Designing cheap tests

So how do we make tests that require little to no maintenance? From what I’ve observed, there are two types of maintenance:

  • functional maintenance, which modifies the test to reflect changes in the code itself
    • e.g. for a web page, the login form fields are modified
  • operational maintenance, which requires keeping a service dependency in a good state to test.
    • e.g. for an office application with cloud sync, keeping the cloud syncing service up.

Functional maintenance is unavoidable: as code changes, one must
ensure that any tests that validate that code are kept up to date. In
addition, for most tests, functional maintenance is relatively cheap
in time: except in the cases of extreme redesigns or refactorings, the
changes tend to be small in nature.

Operational maintenance costs can vary wildly, and it can become very
expensive. Tests that have multiple dependencies can become a game of
juggling an environment where all of those are functional. It becomes
even harder if there’s a small team maintaining this environment:
executing the tests consistently requires a production-quality
environment, and that’s more difficult the more services there are to
maintain.

However, unlike functional maintenance, operational maintenance, for
the most part, is avoidable. Taking advantage of heavy mocking, it’s
possible to remove dependencies like databases and APIs. Google
Testing Blog has a good article about
this
.

Summary: tests with fewer operational dependencies are cheaper to maintain.

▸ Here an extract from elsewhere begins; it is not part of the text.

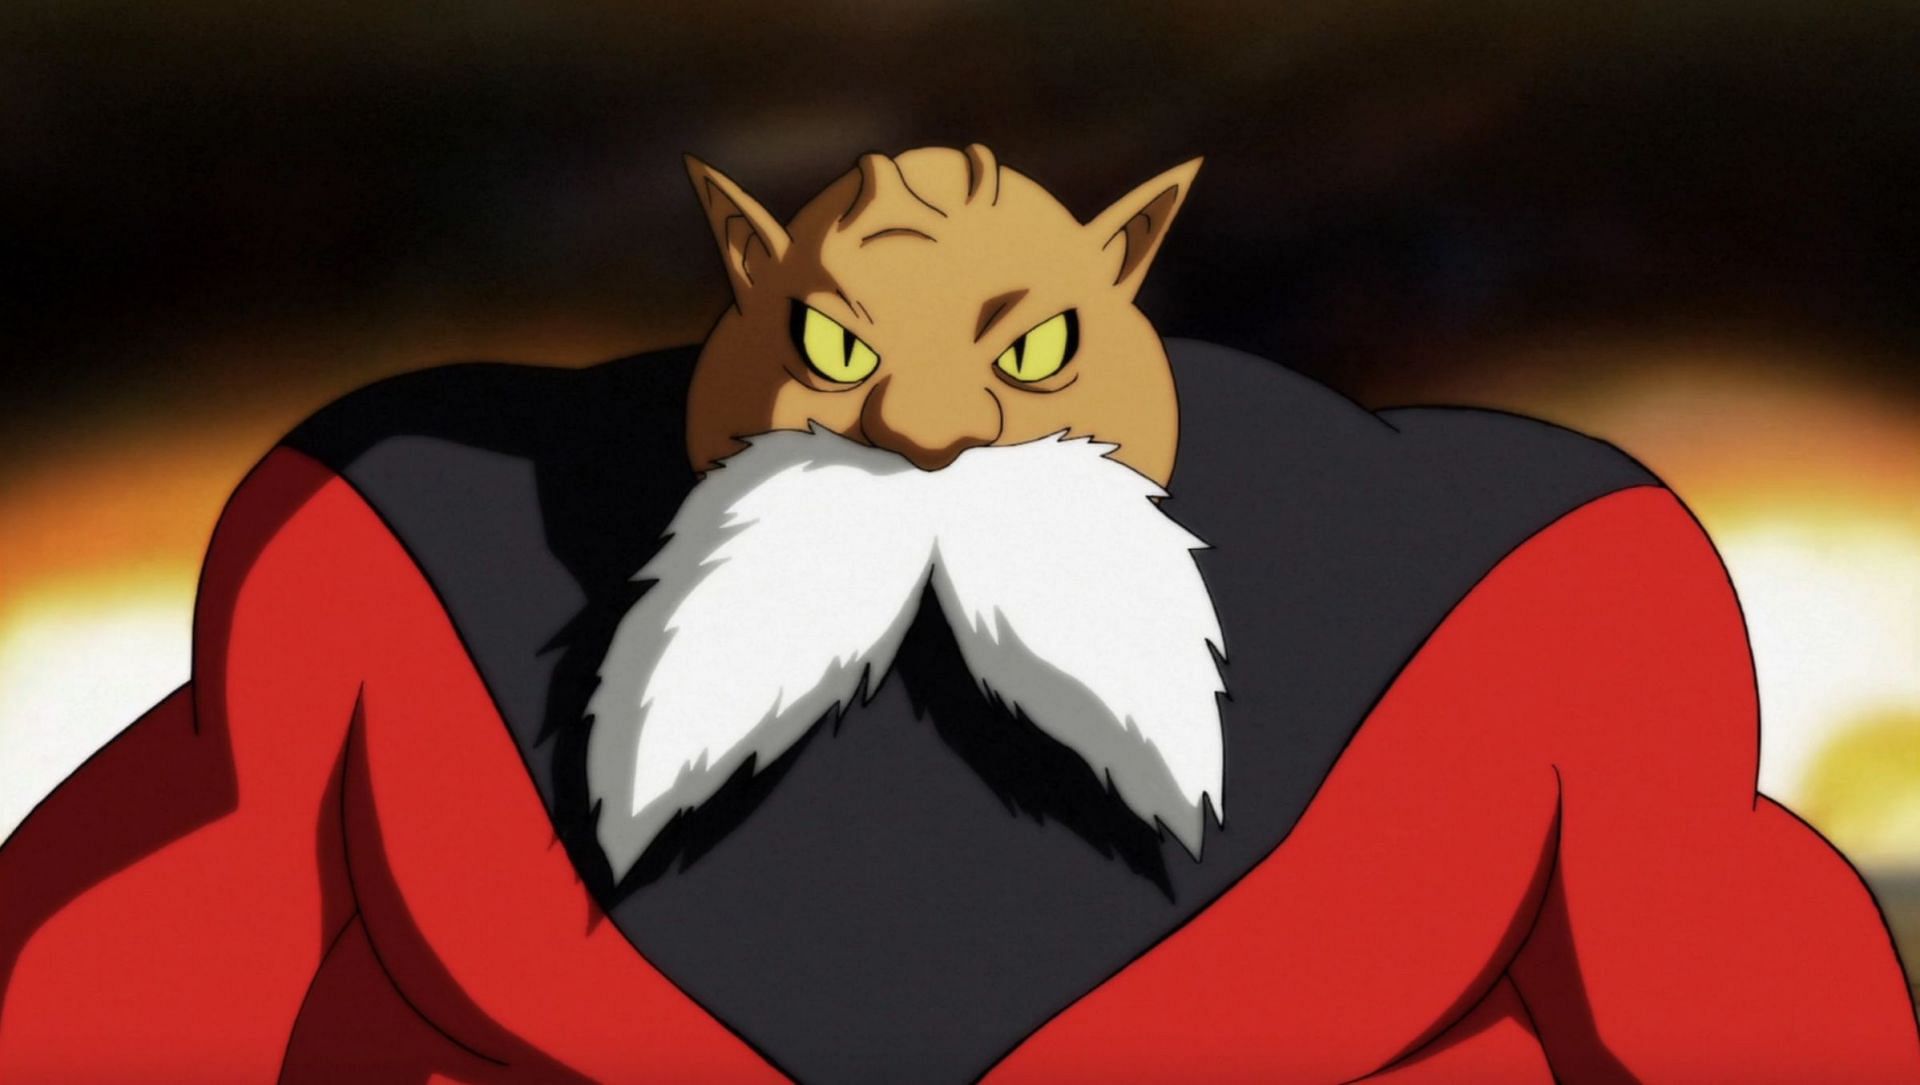 Toppo from the anime (image via Toei Animation)

What kind of test distribution: the testing pyramid

When testing software, there are multiple levels at which one could author tests:

  • at the “unit” level, typically written in the same language and validating a single function or behaviour
  • at the integration level, typically written in the same language, and validating the communication between your code and an external application
  • at the end-to-end level, not necessarily written in the same language, and validating a complete workflow that a user would be performing.

Although all are important and should be included in a test suite,
each test is not created equally. Going back to the idea that tests
with the least maintenance will last the longest, we should be trying
to have as many of those as possible.

Unit tests are the cheapest. They:

  • have no dependencies (or else they would at least be considered an integration test),
  • run quickly (no waiting for network, or other delay from communication)

If we could capture all behaviour of our application with just unit
tests, that would be perfect. Unfortunately, many things can go wrong
when composing multiple pieces of these units together, so some level
of integration and end-to-end tests will be needed. But the larger
tests should be fewer in number, since they are harder to maintain.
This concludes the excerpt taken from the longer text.